DLP calls on Government to paint true picture of NIS

Vice President of the Democratic Labour Party (DLP) Ryan Walters is calling on the Mia Mottley administration to come clean on the true state of the National Insurance Scheme (NIS).

This comes on the heels of Tuesday’s announcement by Minister in the Ministry of Economic Affairs and Investment, Marsha Caddle that the International Monetary Fund (IMF) would be topping up the Unemployment Benefit Fund of the NIS over the next three years to the tune of $180 million.

The first injection of $50 million has been made to ensure unemployed residents are able to continue to receive benefits.

Close to 40 000 claims were made on the NIS last year for unemployment during the height of the COVID-19 pandemic, resulting in the NIS paying out in excess of $155 million in 2020. By the end of the first quarter of this year, the Fund was said to be totally exhausted.

In light of the IMF intervention, Walters, the DLP spokesman on entrepreneurship and small business, said the time had come for a true picture of the island’s social security scheme.

“One has to consider the very health and sustainability of the entire portfolio of funds, including the Severance Fund, which has severe ramifications for pensions down the road,” he said in a statement on Tuesday.

“The Barbados Labour Party is urged once more to present a recent actuarial valuation for the National Insurance Scheme. In November of last year, the Democratic Labour Party first called on the Government to provide the usual three-year independent analysis of the Fund’s performance and future. Based on our information, the last published report covered the period 2012-2014, which now puts two reporting periods, 2015-2017 and 2018-2020, outstanding,” he noted.
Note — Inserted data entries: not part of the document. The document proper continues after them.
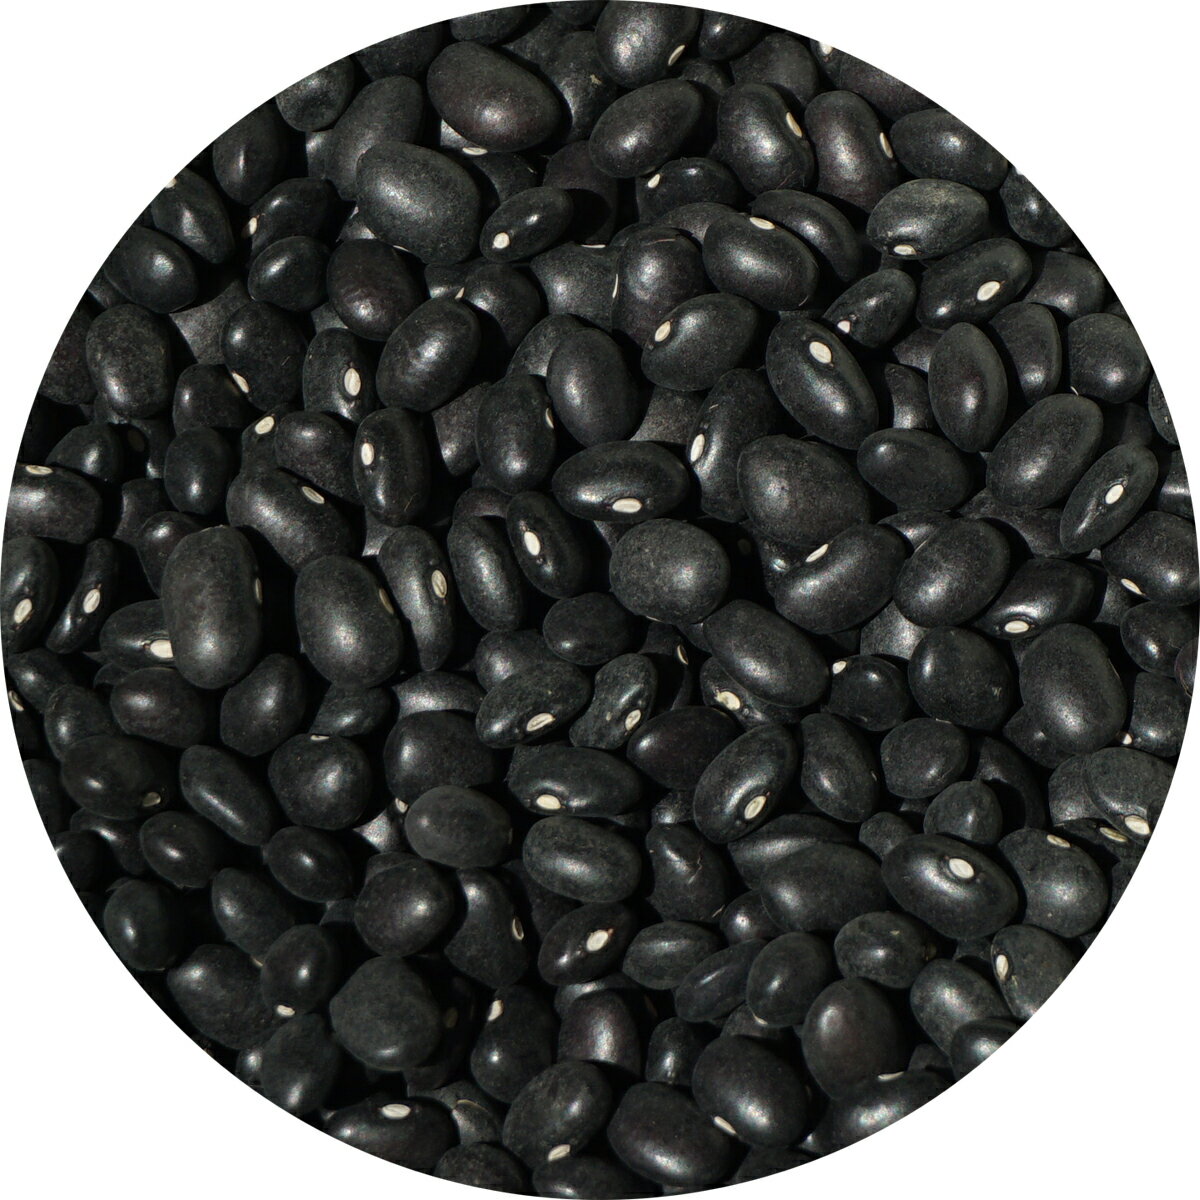 黒インゲン豆 5kg black bean 豆 いんげん豆 フェイジャオン フェイジョン フェジョン プレット feij?o phaseolus vulgaris インゲンマメ black turtle bean インゲン豆 ブラック ビーン
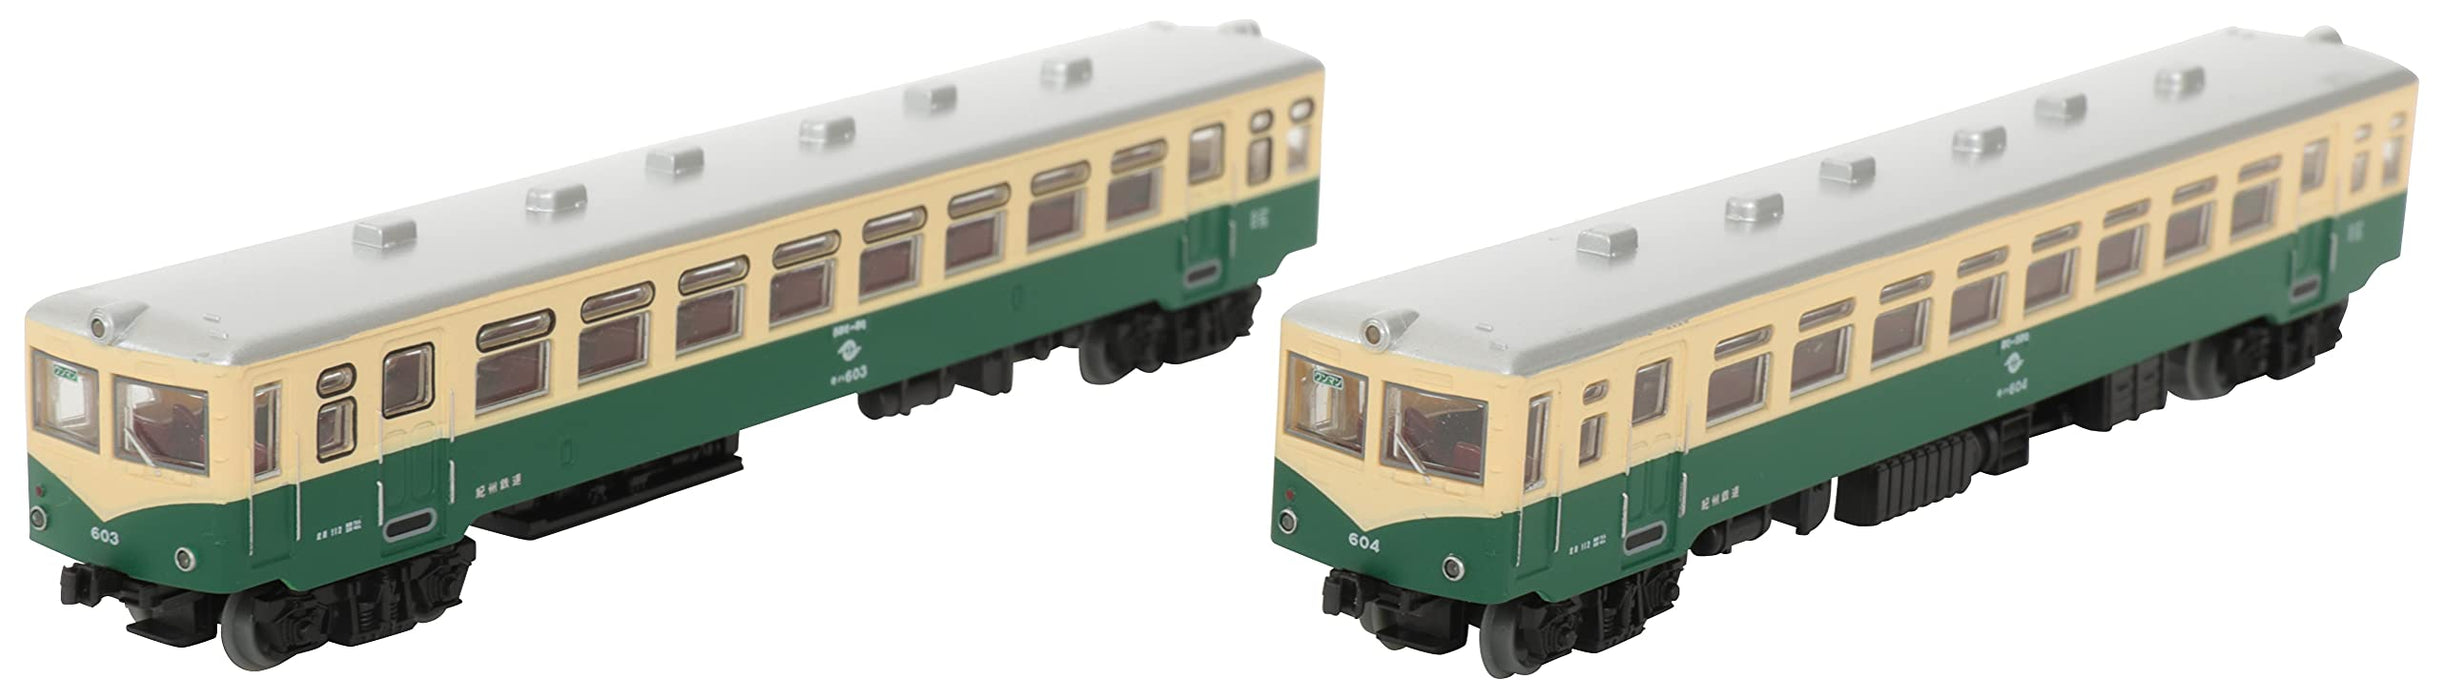 Tomytec Railway Collection Iron Kishu Kiha 600 Ensemble de 2 voitures modèle récent Diorama 317890
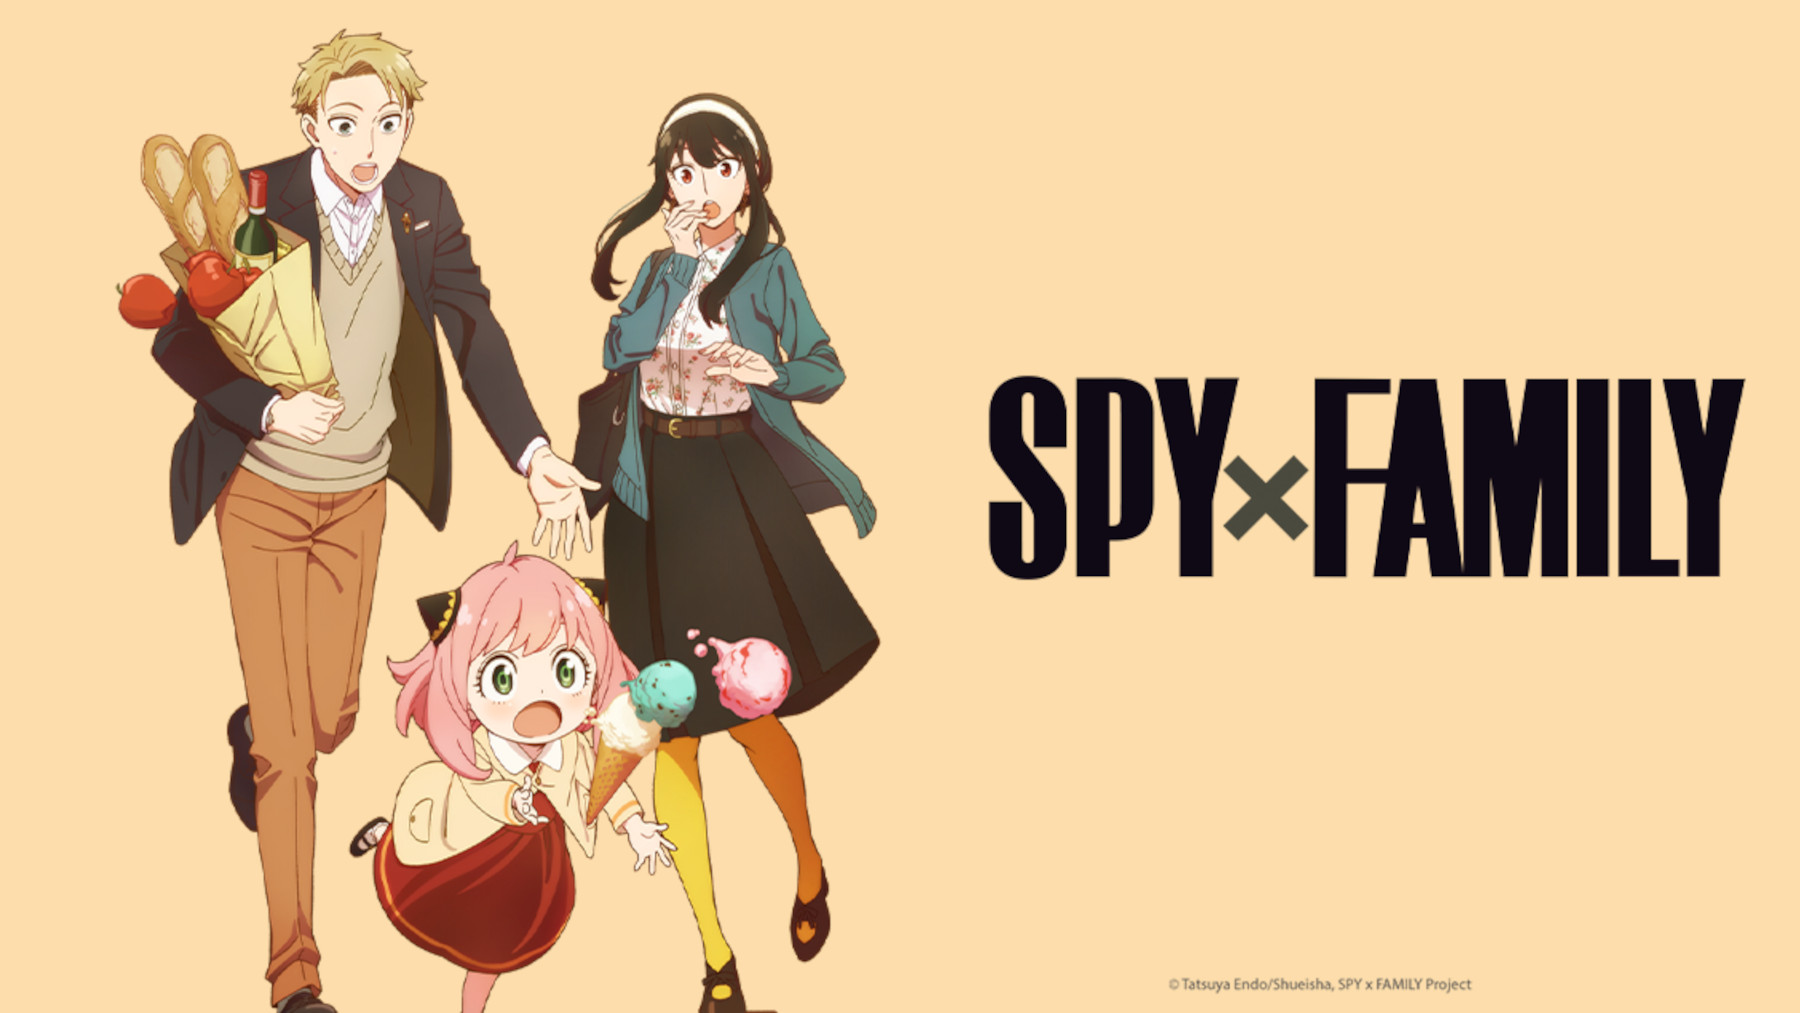 spy x family: Spy x Family season 2 will air in 2023 - The

“The Government inflicted a heavy blow on the National Insurance Scheme in 2018, when it wrote off approximately $1 billion due to the scheme from the Government. This was a significant blow to the forecasted performance of the Fund and is expected to hit contributors hard at old age,” Walters warned.

“We also know the damage that the COVID-19 pandemic has had on contributions coming into the Fund and the strain to pay disbursements to affected citizens. It is therefore top priority that the government moves to understand and share the overall health and financial future of the National Insurance Scheme. It cannot be that the Government is operating such an entity with a piecemeal approach of attending to its affairs in a sporadic way.”

The largest fund in the NIS, the National Insurance Fund, was said to have close to $3 billion in its investment portfolio at the start of this year, and that was being used to help pay unemployment benefits.

Meanwhile, the Severance Fund, from which millions of dollars in severance payments had to be made last year, was said to have some $74.1 million at the start of this year.